Through the pre-reality tv life of MTV, the music video has become an artform in itself and from the avant garde Talking Heads videos to the urban documentaries of Hip Hop artists like Snoop Dog and NWA, the music video was so integral to the music, that for the longest time the one couldn’t seem to exist without the other.  

Originally intended exclusively for rock music, MTV couldn’t resist the trappings and commercial success of pop music and very early on reformatted to include all forms of music, much to the future generations’ benefit in fact. Eventually their programming forked off into dedicated shows for certain genres of music like Headbangers Ball and Yo MTV, before becoming their own fully fledged channels like MTV 2 and MTV Base. 

 

We didn’t start the fire  

By the time the mid-nineties rolled over and the doom of Y2K loomed ever closer a new kind of music started bubbling to the surface from somewhere deep beyond a subculture. House, Techno, Trance, Electro et al, which had been the preserve of dark dingy nightclubs at the base of sprawling metropoles, had already started making an impact on clandestine pirate stations and late-night radio programmes, but by the mid nineties it had started to inform popular culture. MTV was one of the first to document the strange phenomenon called rave interviewing the likes of West Bam and Moby well before any mainstream audience had even heard of the term Rave.

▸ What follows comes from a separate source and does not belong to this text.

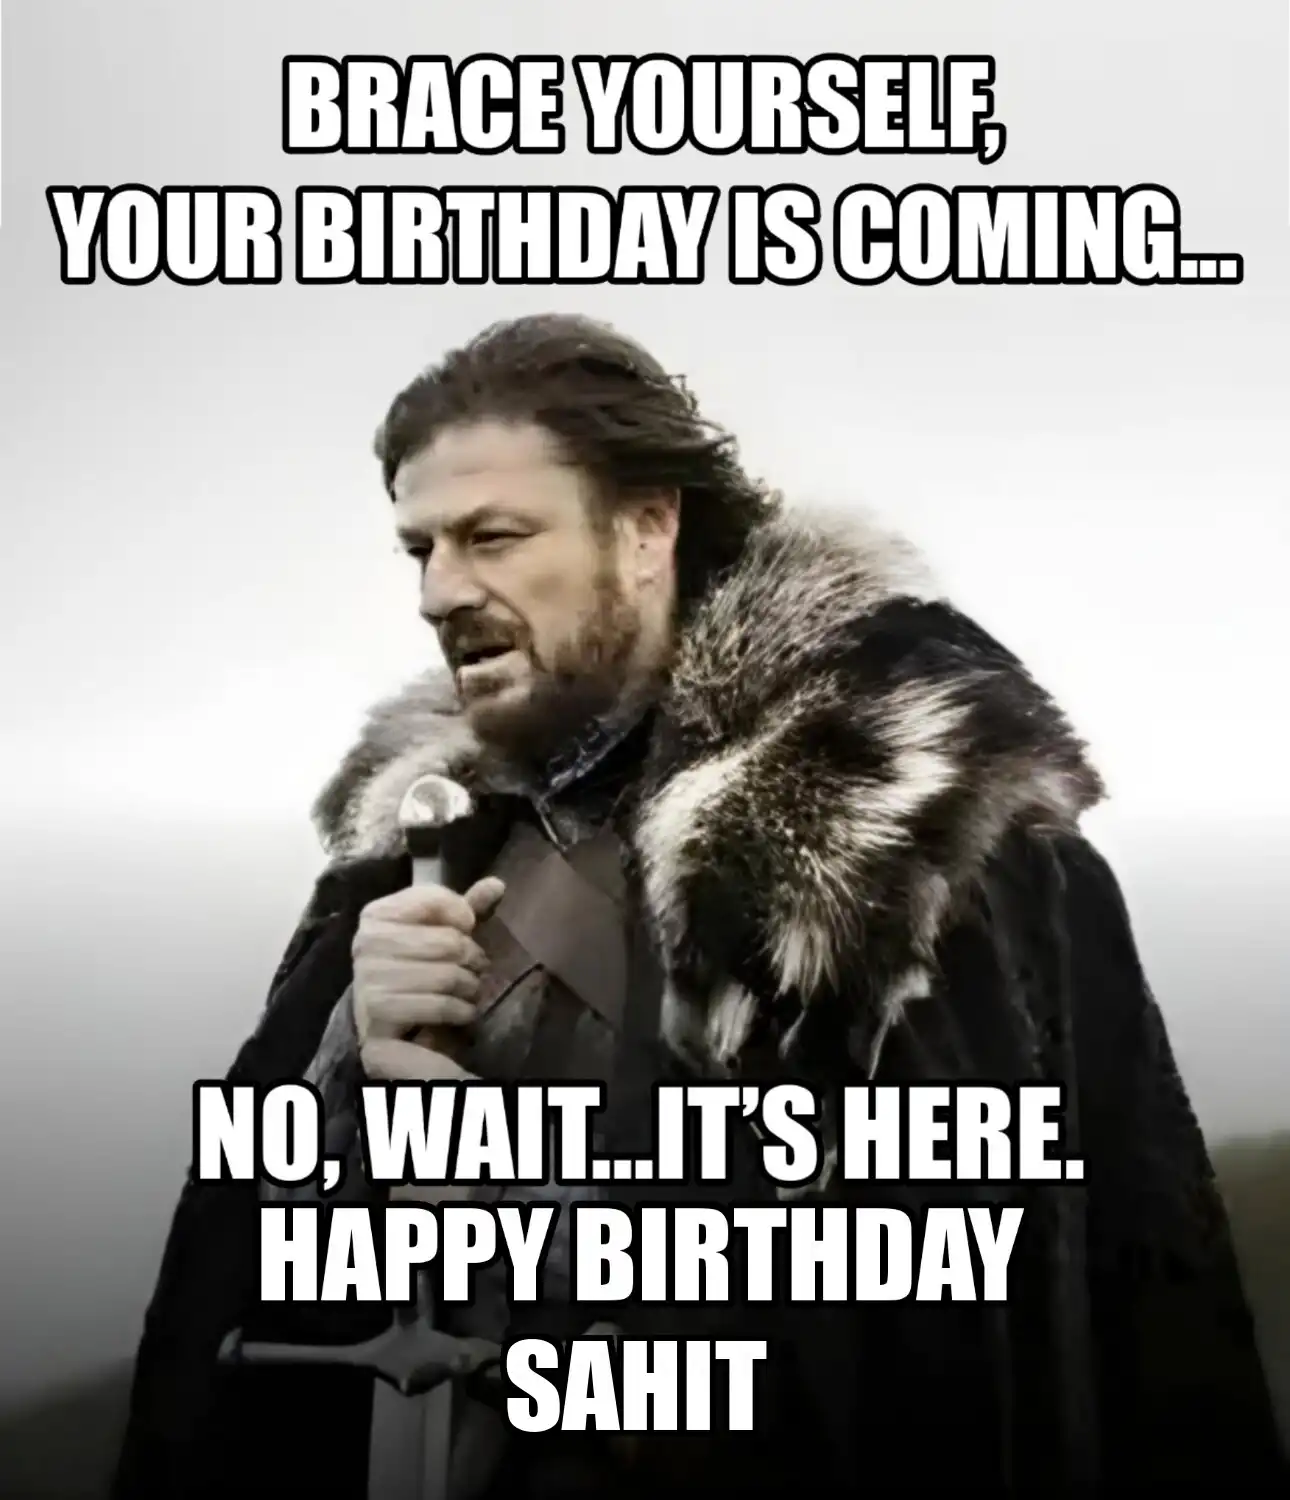 Happy Birthday Sahit Brace Yourself Your Birthday Is Coming Meme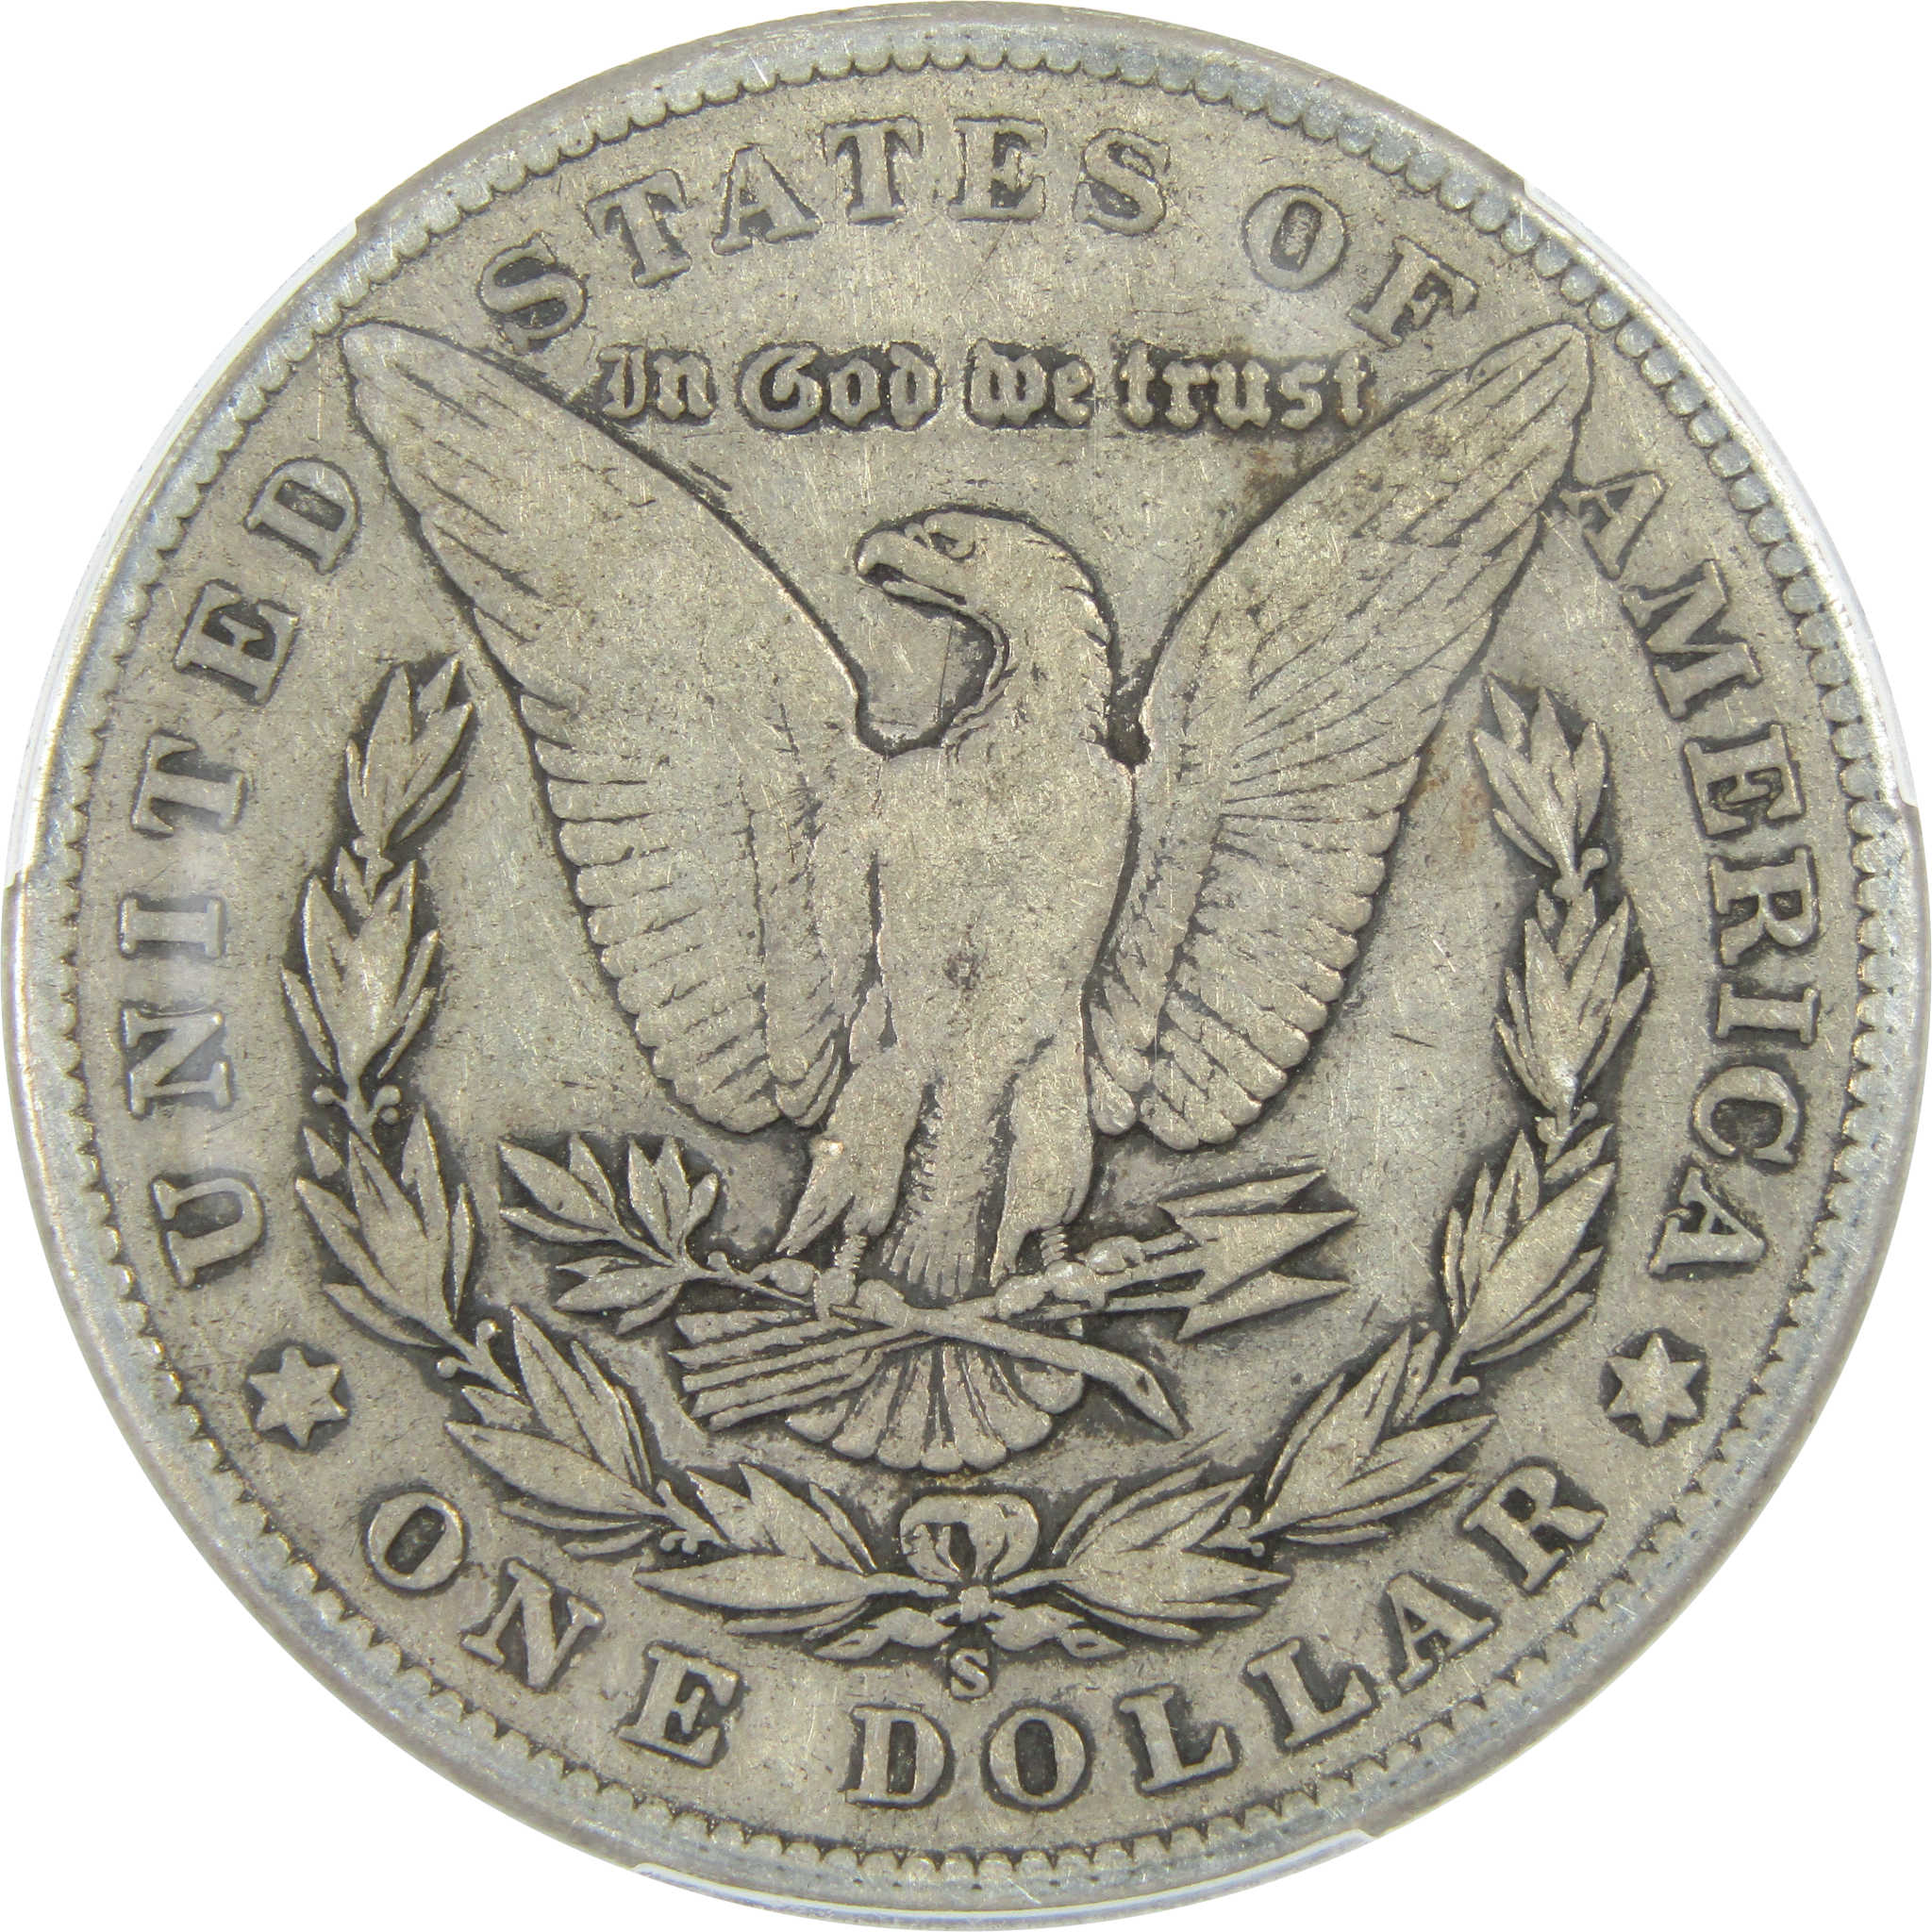 1904 S Morgan Dollar F 12 PCGS Silver $1 Coin SKU:I13137 - Morgan coin - Morgan silver dollar - Morgan silver dollar for sale - Profile Coins &amp; Collectibles

By the mid nineties we needed a catch all term for this new form of music and electronic dance music had been coined. The term had a pragmatic beauty and refined logic to it that not only described the music, but eventually become a genre in itself (although it would be slightly bastardised version of it). Back in the mid nineties however, electronic dance music would be used to describe any form of electronic music made from drum machines and synthesisers for the sake of dancing and would incorporate everything from Drum n Bass to Acid Techno, but it would be all these elements converged where this new form of music would reach the height of its popularity and for this writer it’s all down to one group, one song and one mesmerising video. 

For every artist and DJ of my generation I speak to there is one catalyst, one crucial point of reference that binds us in our musical history and that is Prodigy’s Firestarter. But it’s not just the group the track or even the LP, Fat of the Land that connects us, but its music video. Firestsarter will always be impregnated on our collective psyche as the nexus for a passion for electronic beat music that has endured ever since, and it’s all down to that video.   

From the moment the image of Keith Flint blurs into focus, drunkenly swaying in some underground dungeon, formerly the Aldwych tube station, there was something about the music and imagery that immediately resonated with an alternative kind of music fan. Jaunty guitars, big brauling beats, punkish vocals, and a lysergic bass movement all played perfectly against the monochrome underground dystopia of the video, making the music video as iconic as the song and its central figure, Keith Flint ,the music icon he was always meant to be. 

With elements of Drum n Bass, Rock, Acid and Jungle all informing the Prodigy’s sound at that time, it’s music that spoke to a wide audience as something familiar, but also incredibly unique. It was provocative and edgy, the type of thing that would send your parents into a spiral when it came on, but for reasons unknown to them. There was no cursing or anything inflammatory (pun intended) about the song in itself and the video was just a guy dancing in tunnel, but it’s the implications of it that put your parents at edge, so it also became a special torture mechanism for the know-it-all teenager looking for catalyst to rebel – and for those daring amongst us a Keith Flint hairstyle might just have completely pushed them over the edge.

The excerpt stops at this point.